- title
- Etui Ink Model Studies
- dated
- 2024-2025
2024-07-29 (From playbook daily logs)
- We should talk about how we want to think about strokes. Here’s a suggestion that might maintain the feel we want, but have a more efficient & compact representation.
- We only persist information we get from the pen, so x, y, pressure, tilt etc.
- We store them as strokes: arrays of points. Each stroke has a brush associated with it.
- A brush is a pure function from pen input to stroke geometry.
- We can do interpolation of points inside the brush as well.
- If we make a subselection, this means we might have to split strokes up strokes, and add **
- We can do this either by spitting strokes into two new strokes. Or, a stroke can have different brushes with a range associated with each.
- This could still allow us to do things like brush overloading with flux.
- Quick code sketch of this idea, red dots are (simplified) data points that we persist.
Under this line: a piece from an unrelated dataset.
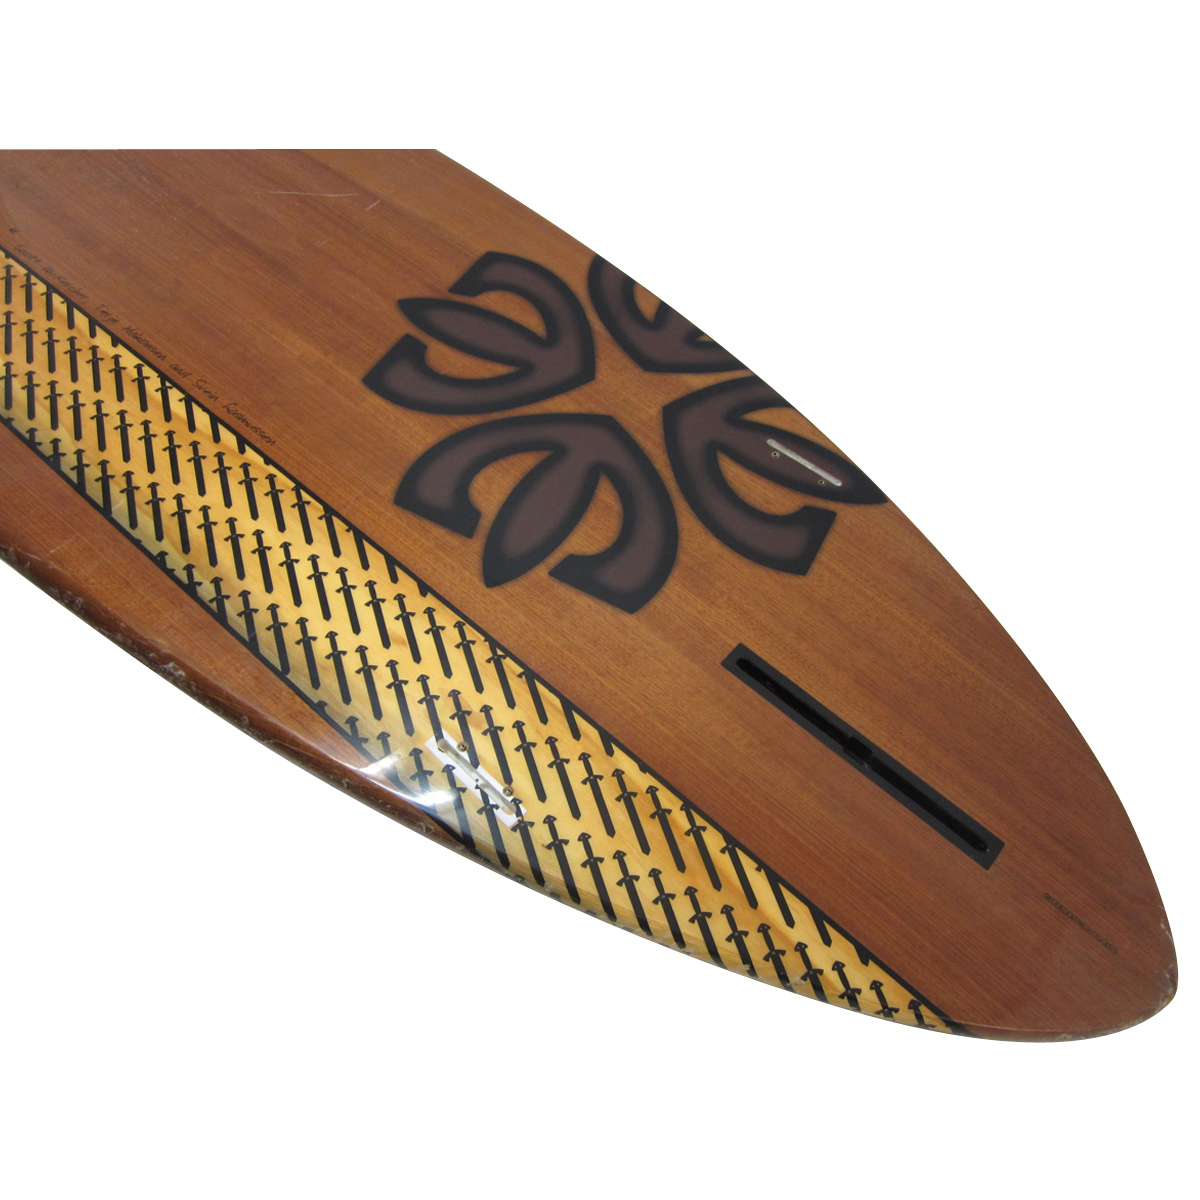 STARBOARD / 9`8 ELEMENT SUP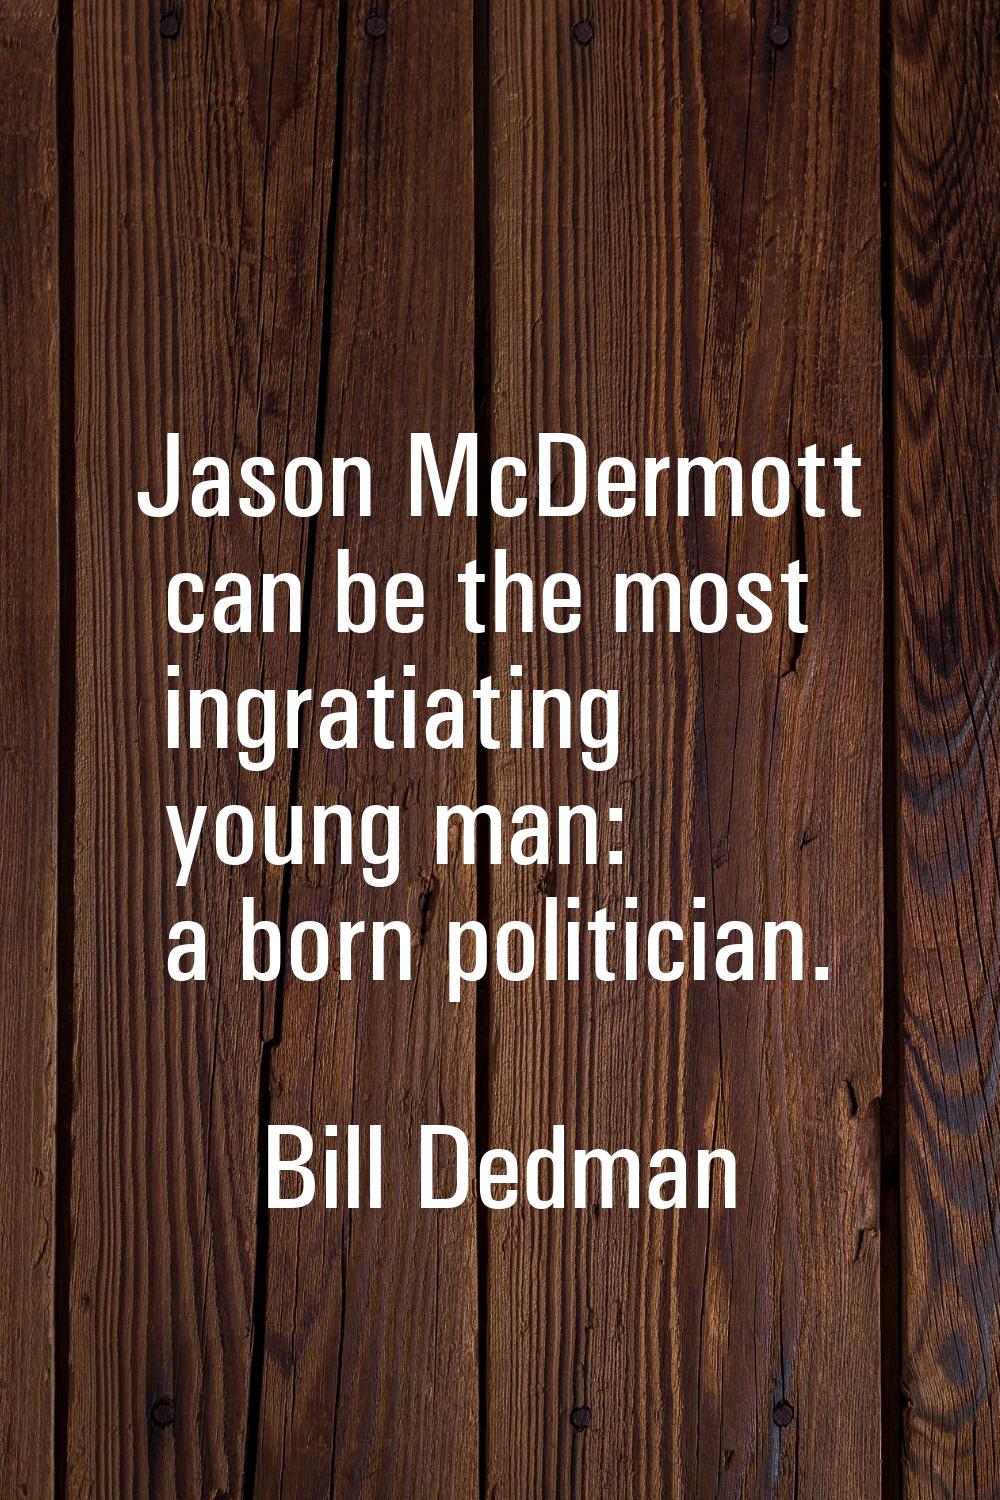 Jason McDermott can be the most ingratiating young man: a born politician.

Brushes still use inklet-style approach for rendering.
- This (obviously) puts less pressure on automerge… this would make it sync a lot faster
2024-12-10 (From playbook reflection doc)
- The Ink model is the material that has been developed furthest
- I’m really happy with some of the feel we’ve gotten.
- I think we settled on Inklets too early as the base primitive. I already felt this way all the way back in July.
- We eventually decided to stick with Inklets, for reasons I don’t quite remember, mostly I think in order to make progress on other parts of the system.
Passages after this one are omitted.